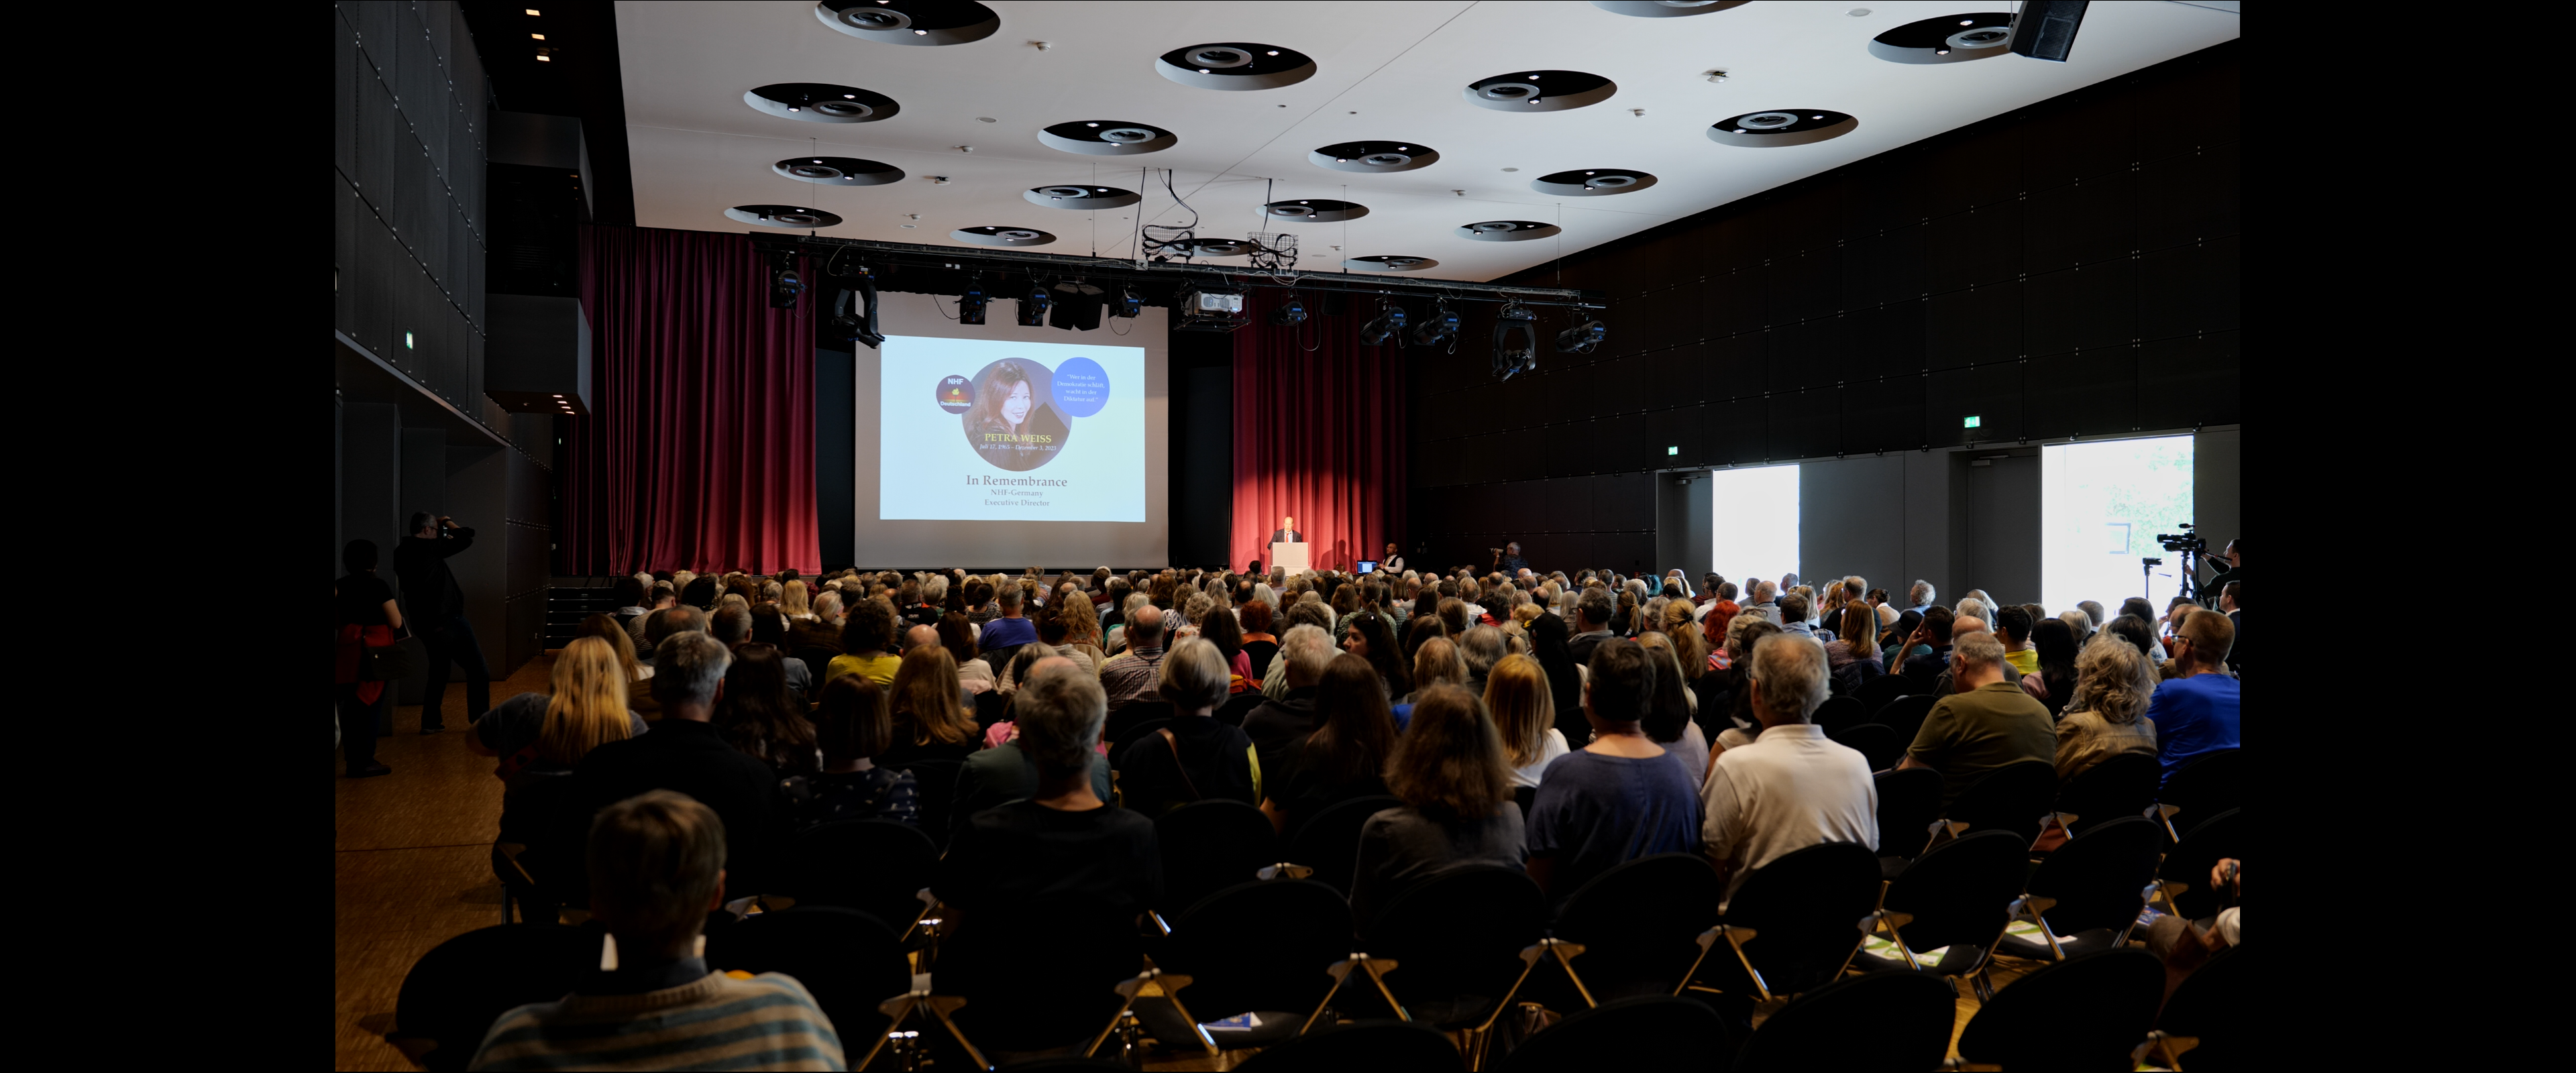 Der Saal in der Harmonie Heilbronn war mit über 400 Teilnehmern ausgebucht.
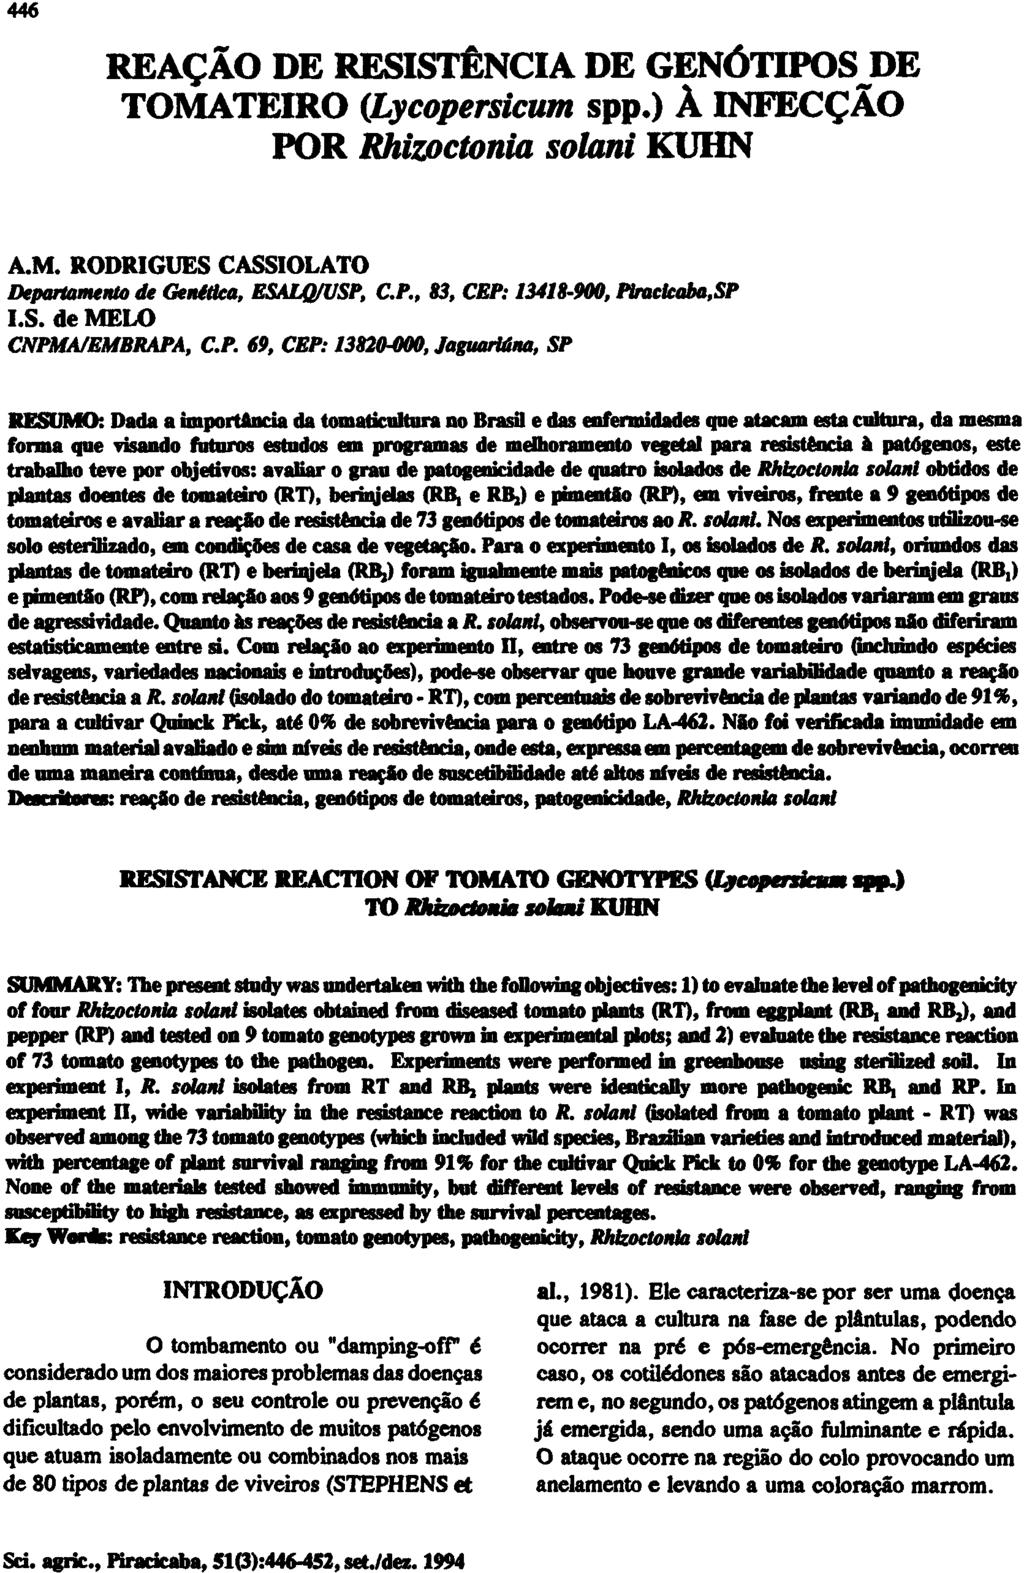 REAÇÃO DE RESISTÊNCIA DE GENÓTIPOS DE TOMATEIRO (Lycopersicum spp.) À INFECÇÃO POR Rhizoctonia solani KUHN A.M. RODRIGUES CASSIOLATO Departamento de Genética, ESALQ/USP, C.P., 83, CEP: 13418-900, Piracicaba, SP I.
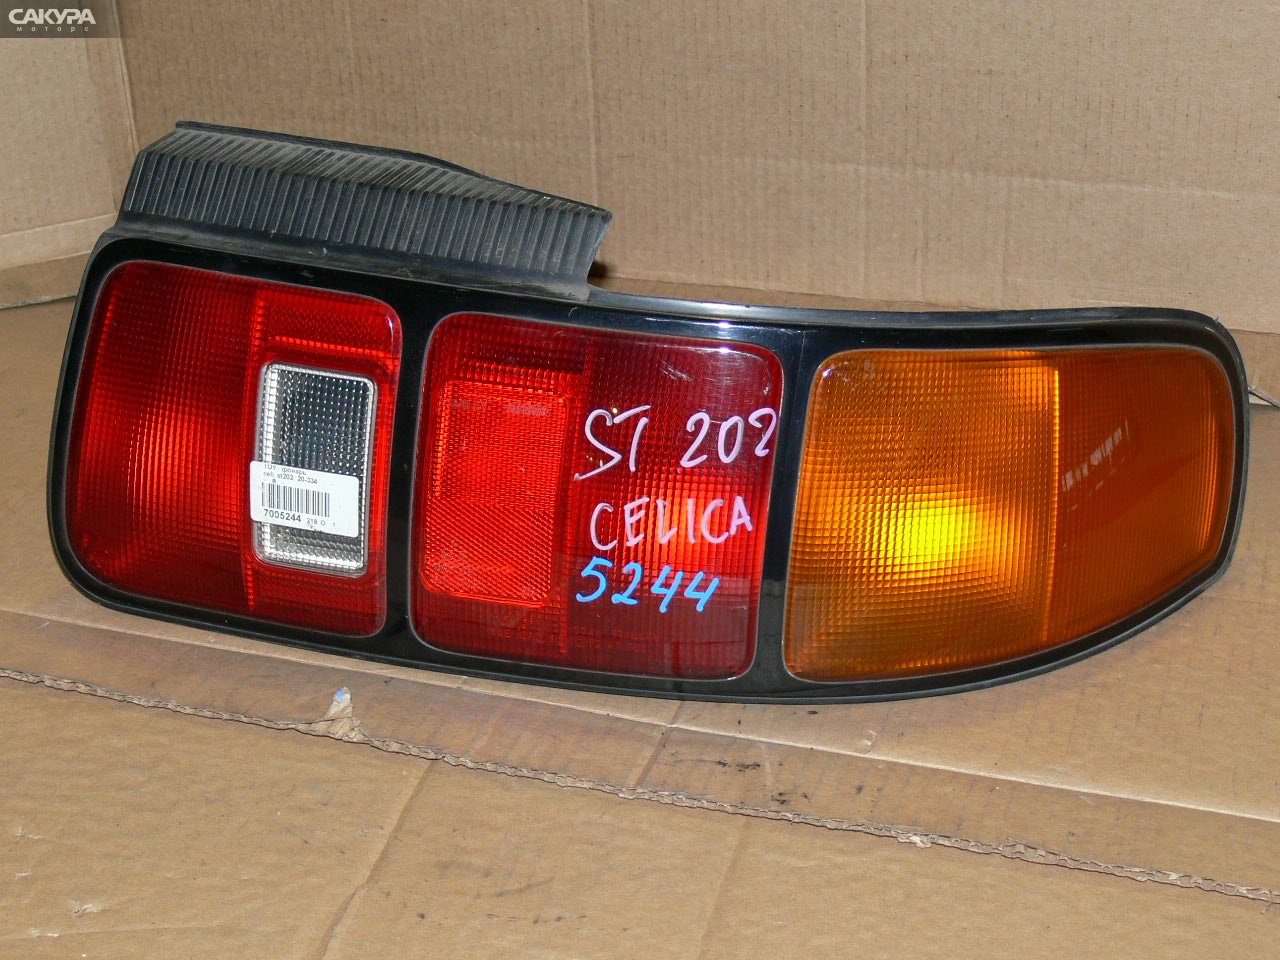 Фонарь стоп-сигнала правый Toyota Celica ST202 20-334: купить в Сакура Иркутск.
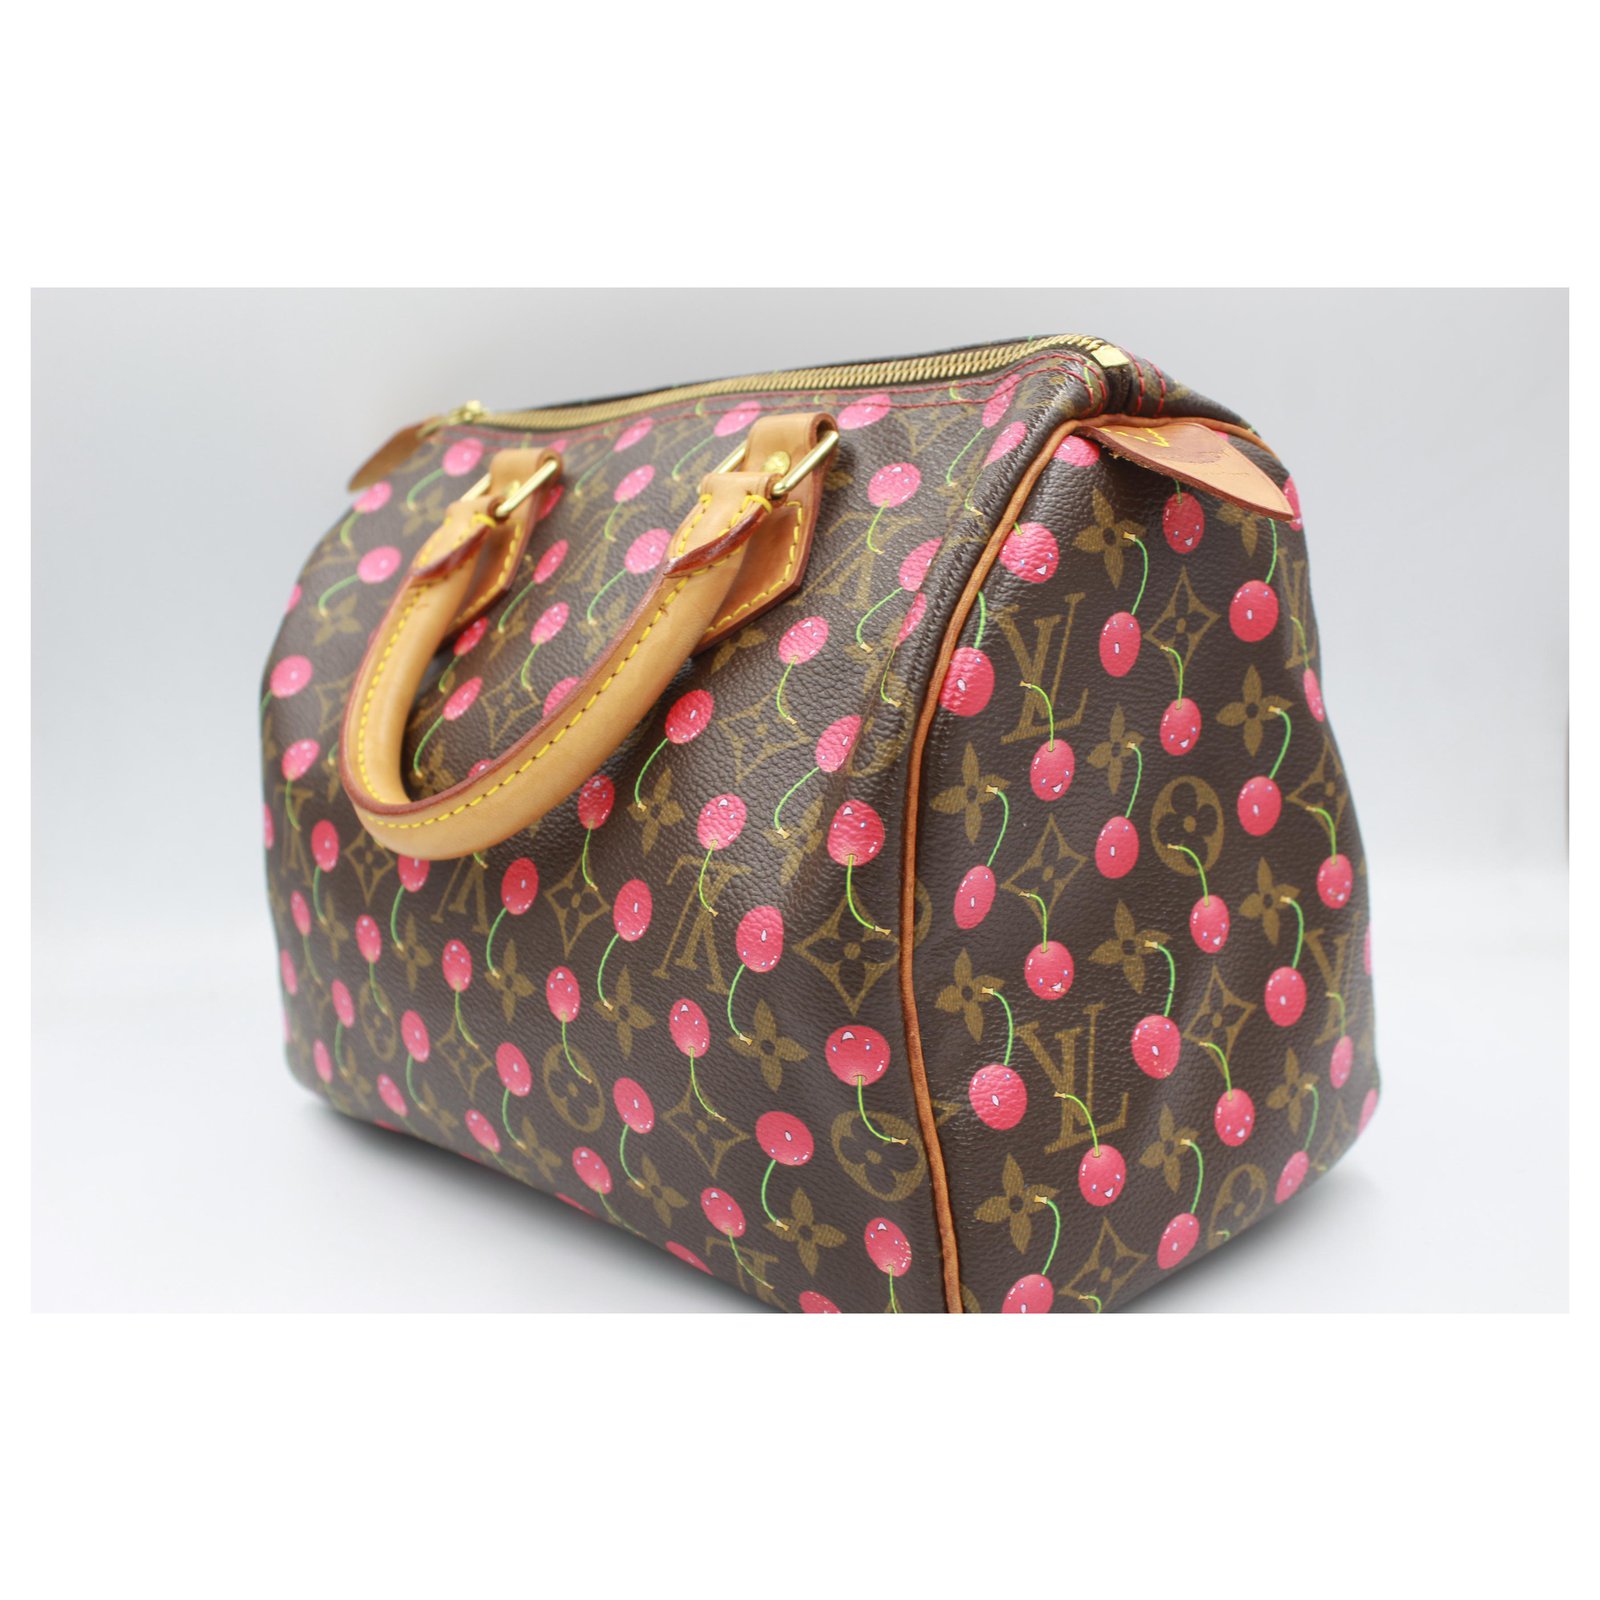 Louis Vuitton Speedy 25 handbag with cherries, by haruki Murakami

● EXERCISE INSTRUCTIONS:
Please retype the data exactly as it appears, but without any of its pictures.

● TASK SOLUTION:
 Der Saal in der Harmonie Heilbronn war mit über 400 Teilnehmern ausgebucht.
 REAÇÃO DE RESISTÊNCIA DE GENÓTIPOS DE TOMATEIRO (Lycopersicum spp.) À INFECÇÃO POR Rhizoctonia solani KUHN A.M. RODRIGUES CASSIOLATO Departamento de Genética, ESALQ/USP, C.P., 83, CEP: 13418-900, Piracicaba, SP I.
 Фонарь стоп-сигнала правый Toyota Celica ST202 20-334: купить в Сакура Иркутск.
 Louis Vuitton Speedy 25 handbag with cherries, by haruki Murakami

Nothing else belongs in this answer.